*Exercise details*
Below is a block of records; return all of them exactly, but without the images.

*The input*

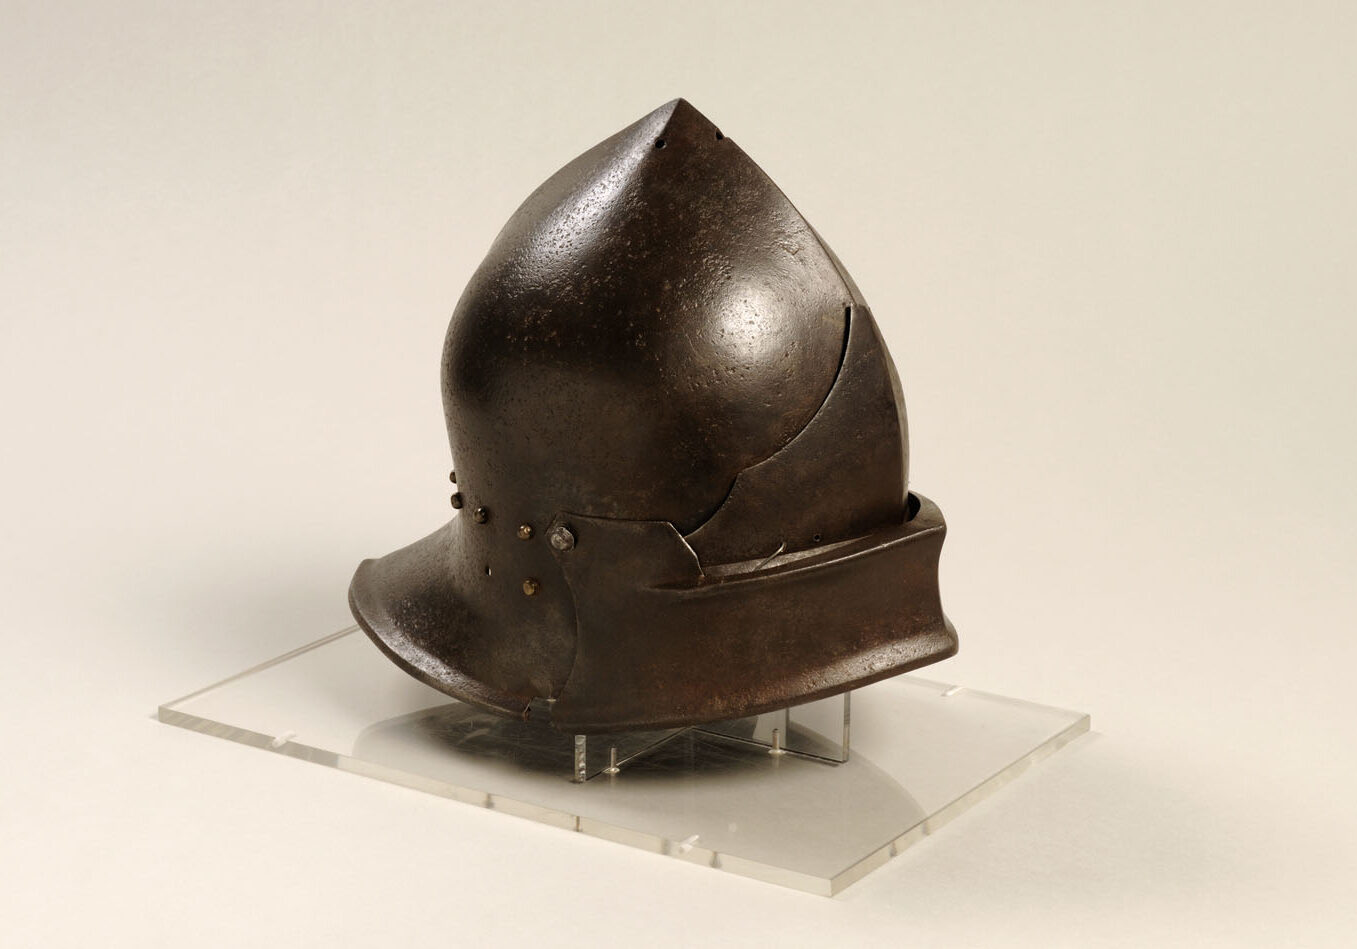 A sallet made during the Wars of the Roses c. 1460 by Martin Rondele of Bruges and kept at St Mary’s Guildhall
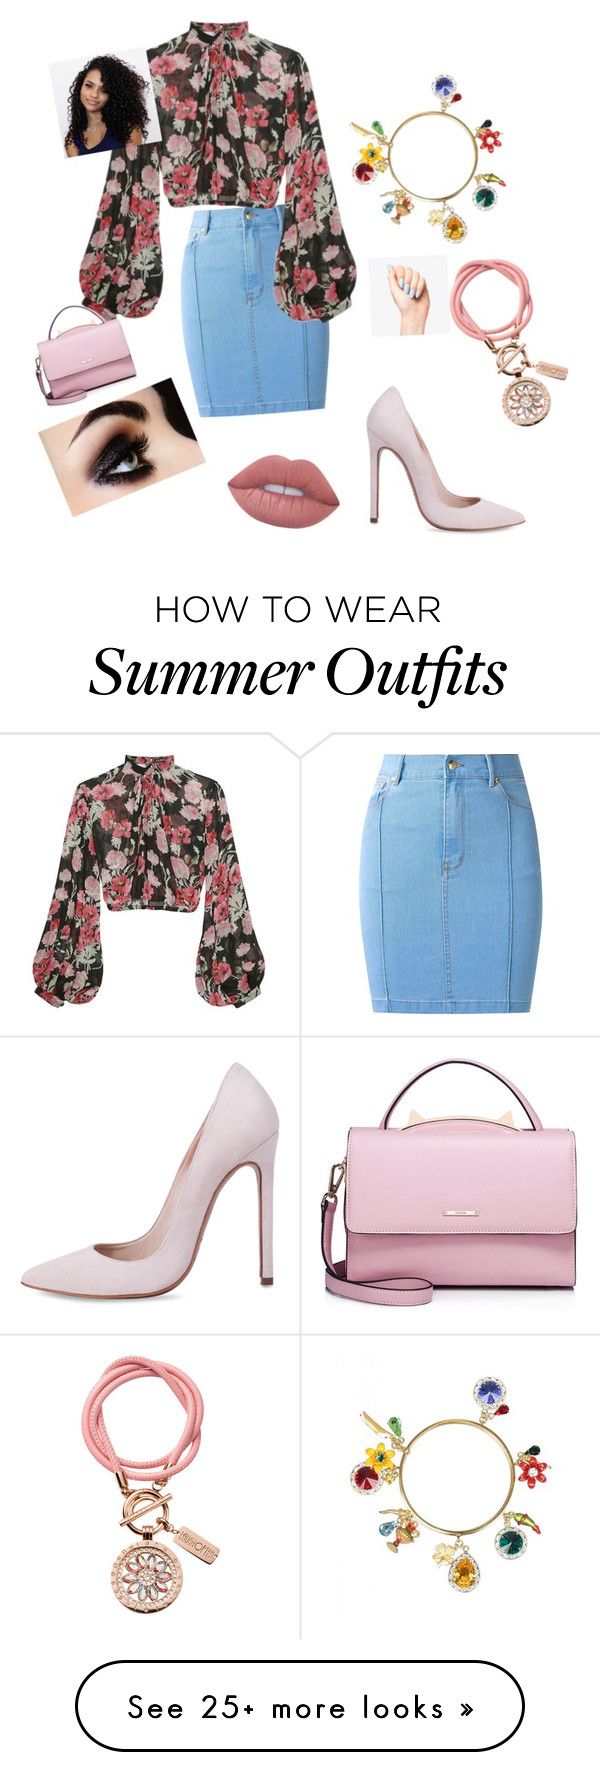 "Yara shahidi inspired spring outfit" by damaria-mable on Polyvore fea...
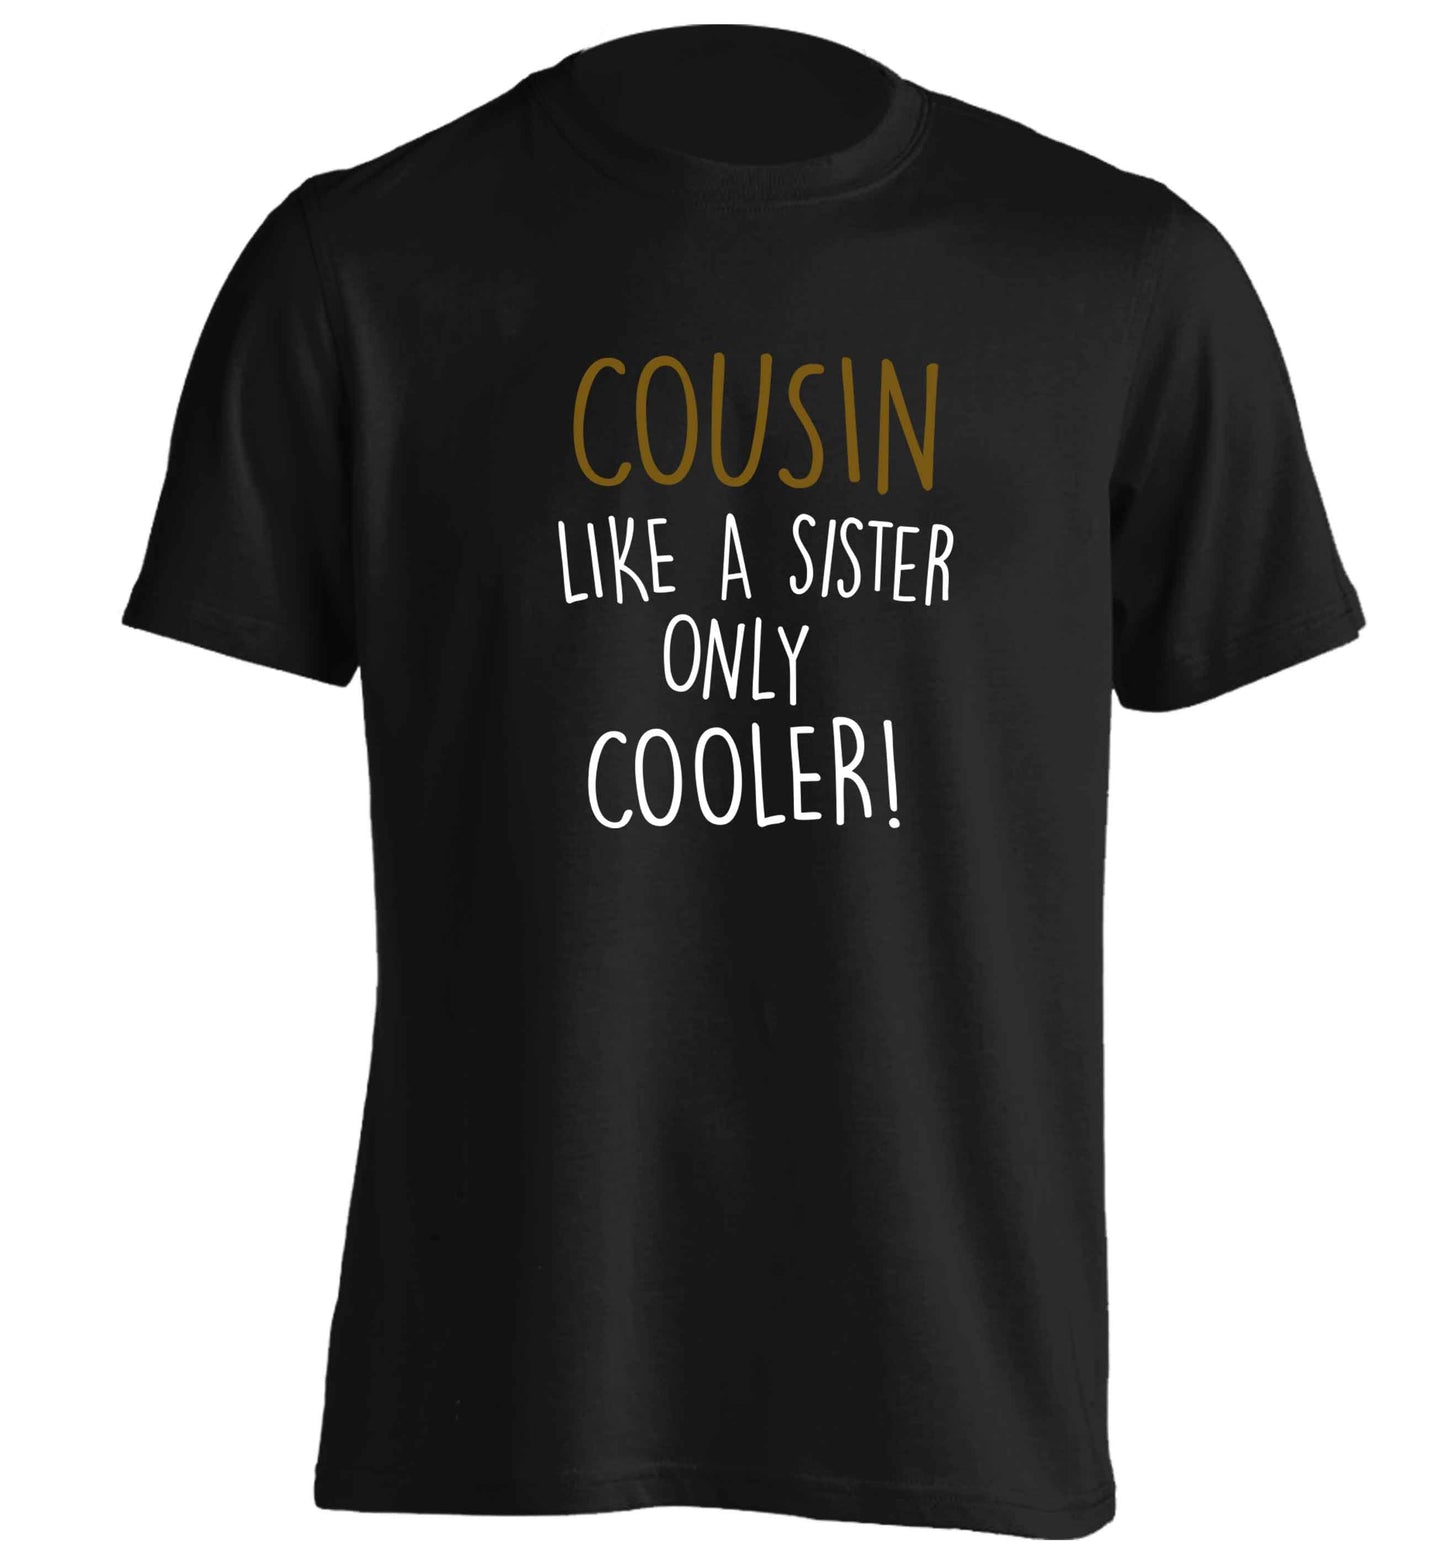 Cousin like a sister only cooler adults unisex black Tshirt 2XL
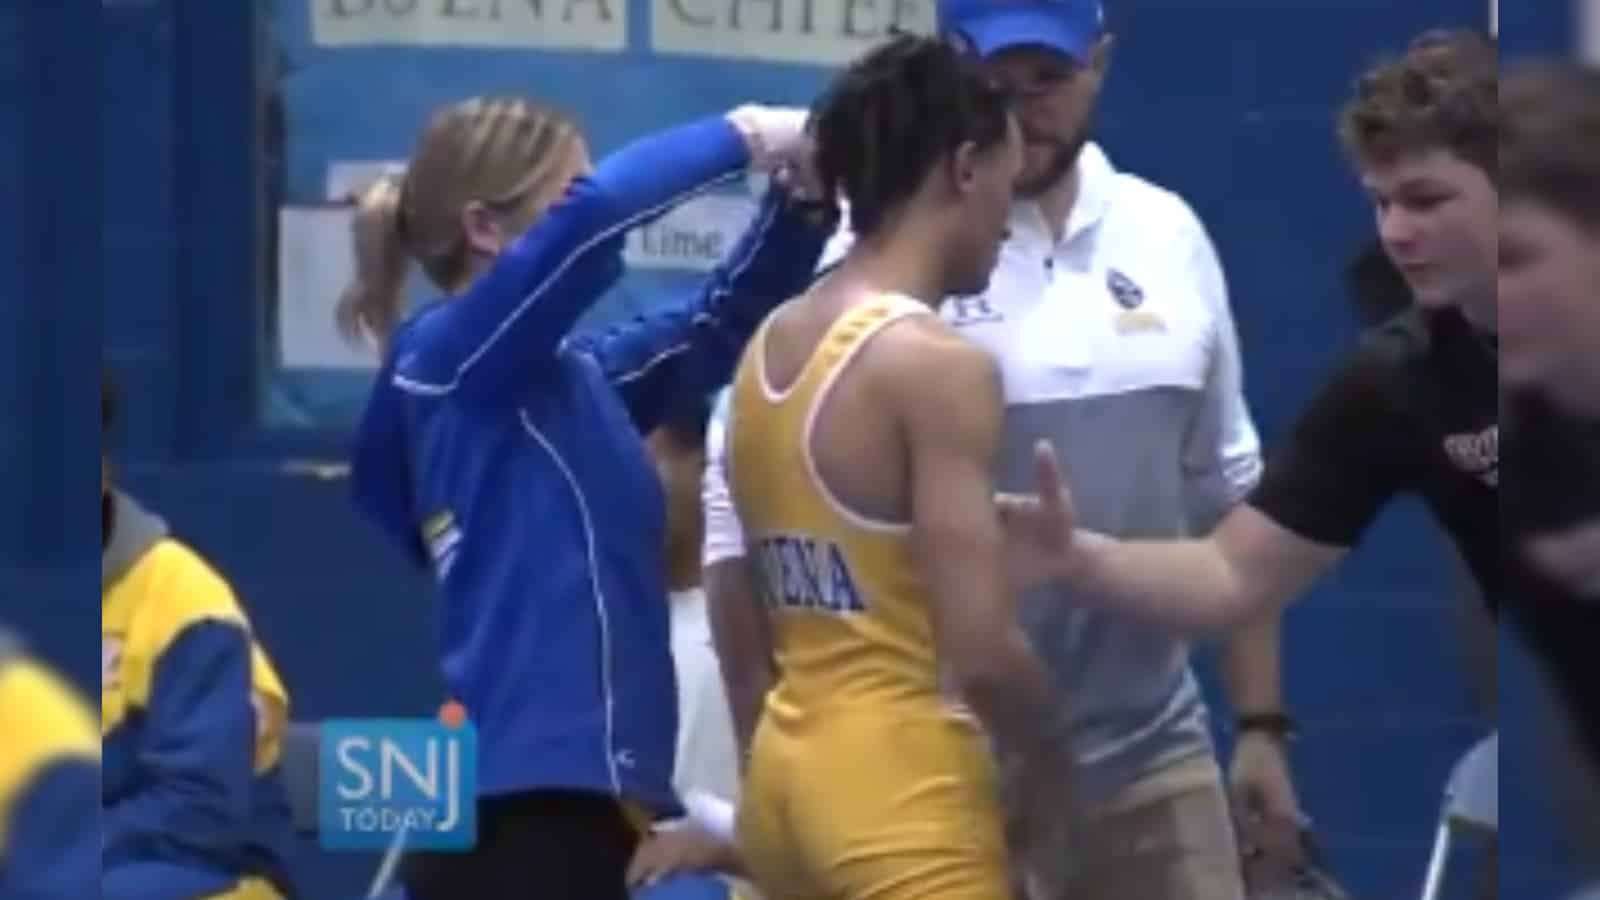 image for White Referee Fired After Forcing Black Wrestler to Cut Dreadlocks
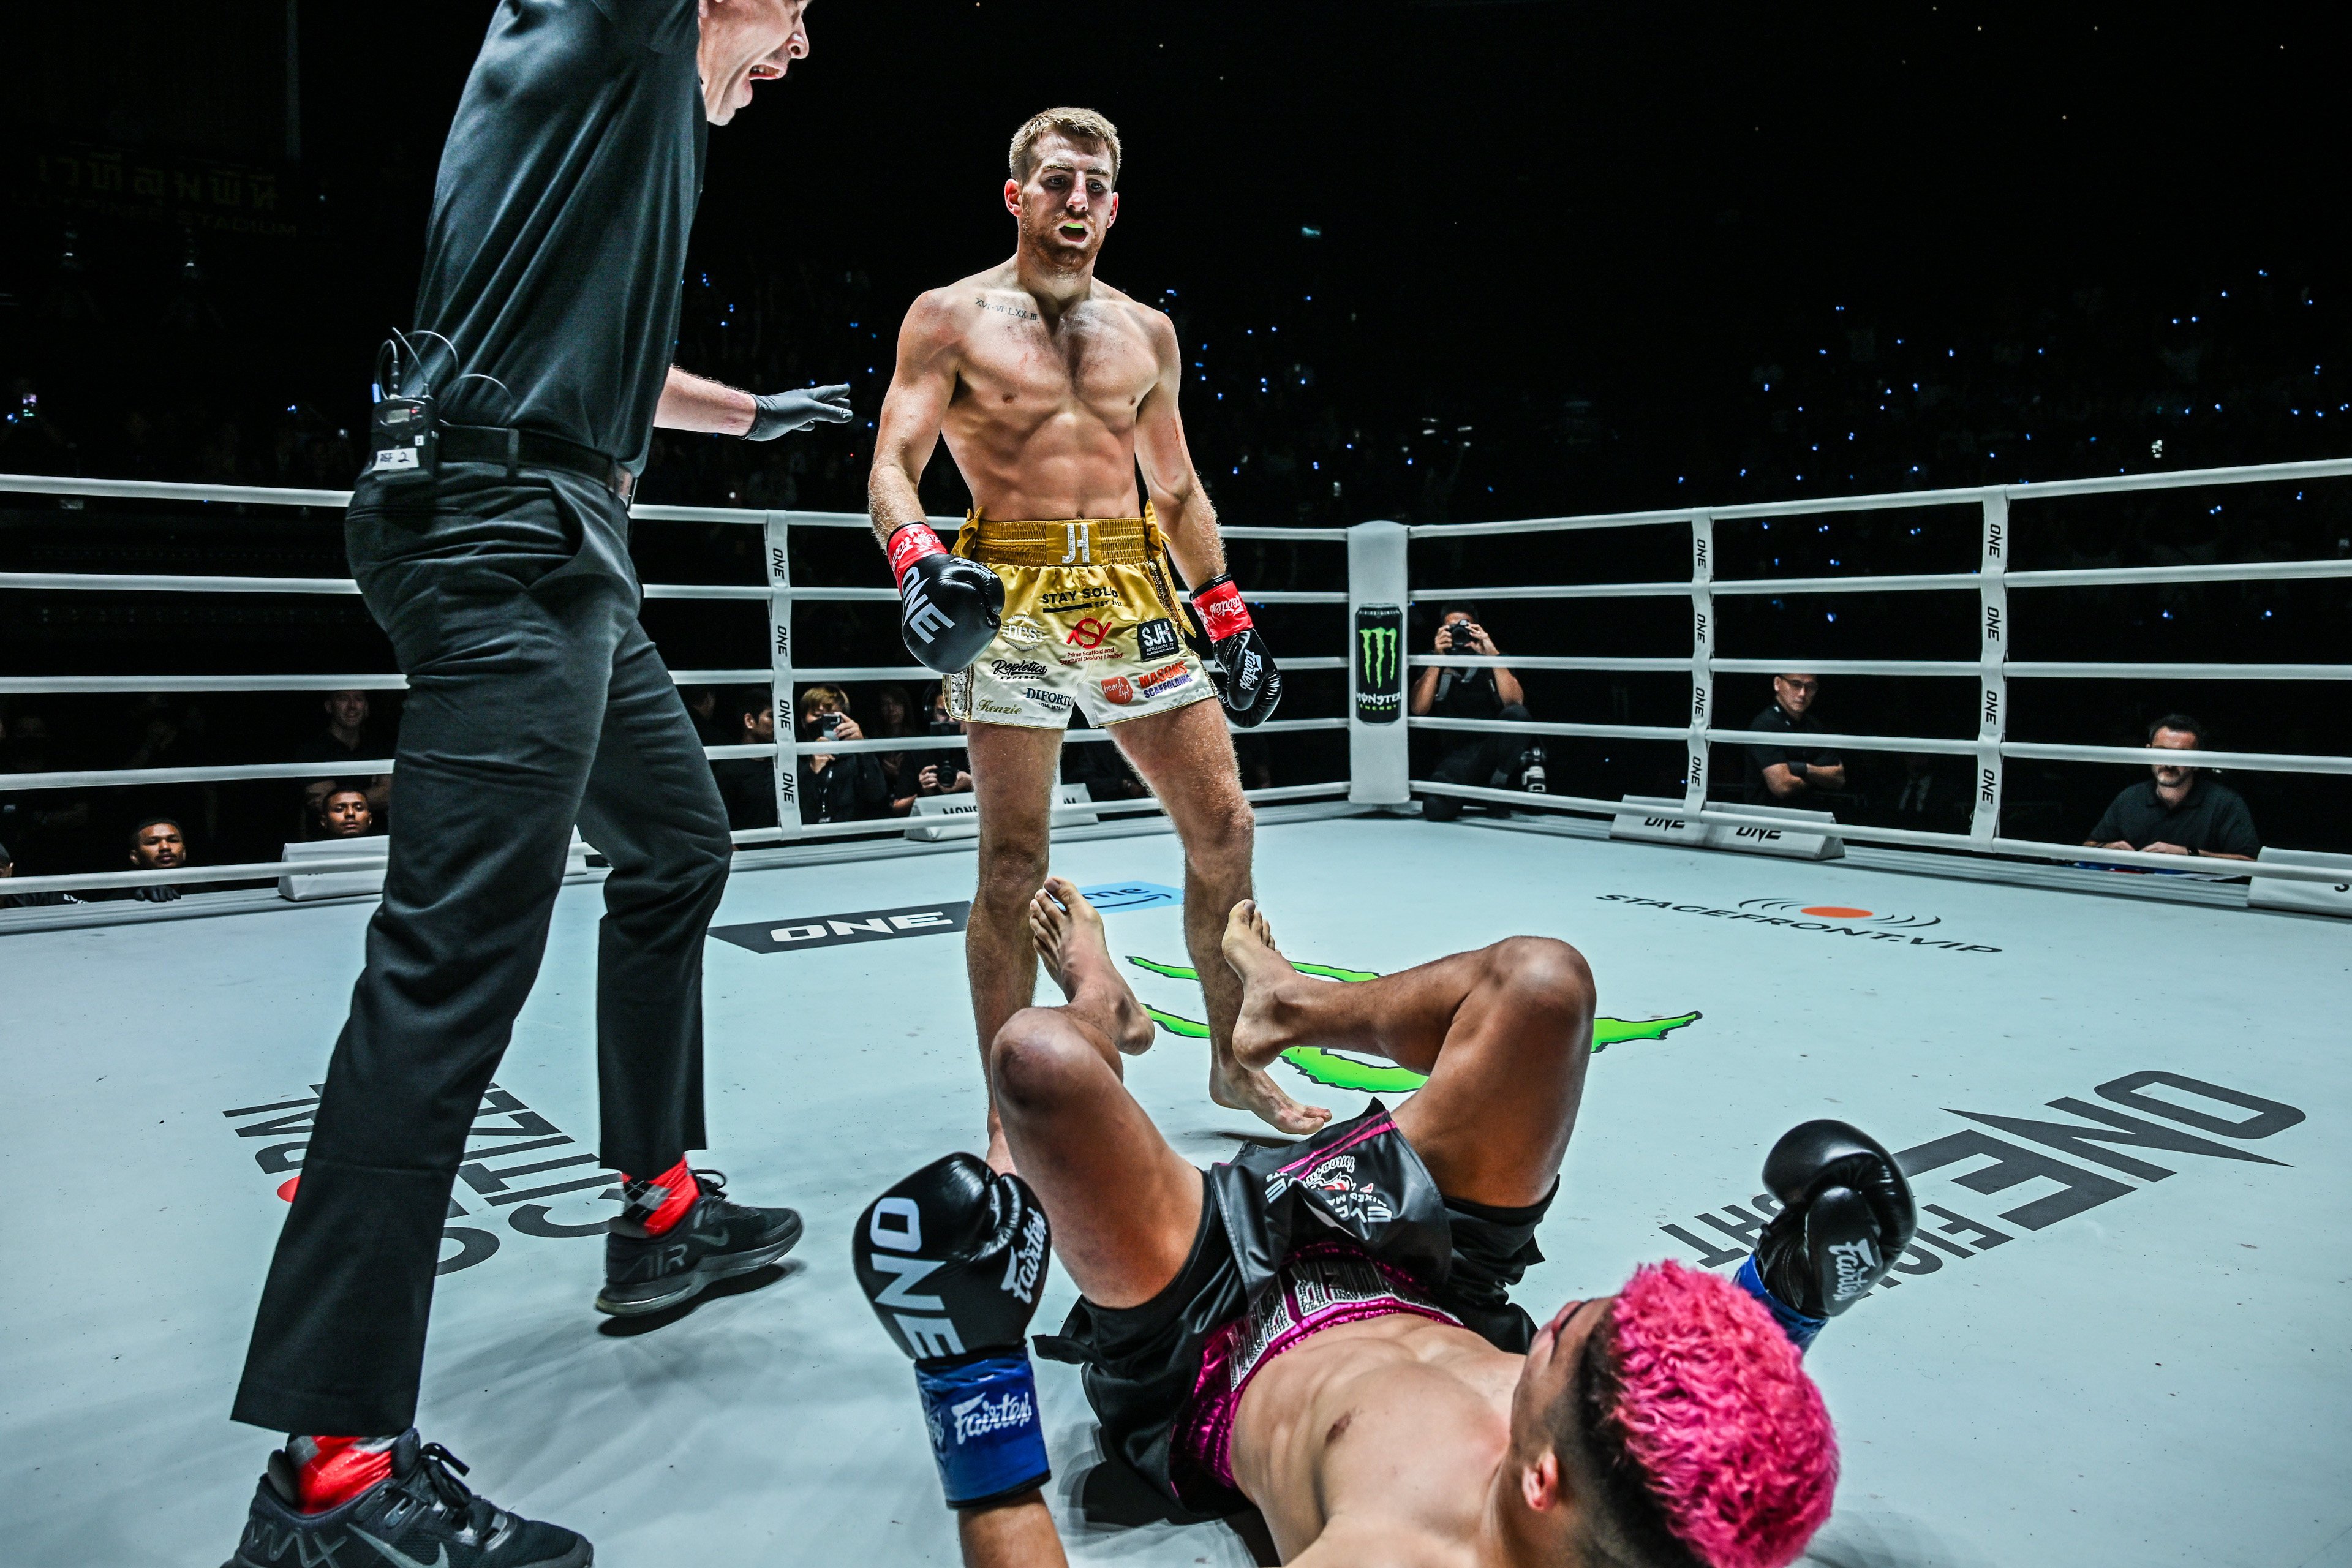 Jonathan Haggerty knocks down Fabricio Andrade to become a two-sport champion at ONE Fight Night 16. Photo: ONE Championship

*Exercise result*
 A sallet made during the Wars of the Roses c. 1460 by Martin Rondele of Bruges and kept at St Mary’s Guildhall
 "Yara shahidi inspired spring outfit" by damaria-mable on Polyvore fea...
 Cousin like a sister only cooler adults unisex black Tshirt 2XL
 image for White Referee Fired After Forcing Black Wrestler to Cut Dreadlocks
 Jonathan Haggerty knocks down Fabricio Andrade to become a two-sport champion at ONE Fight Night 16. Photo: ONE Championship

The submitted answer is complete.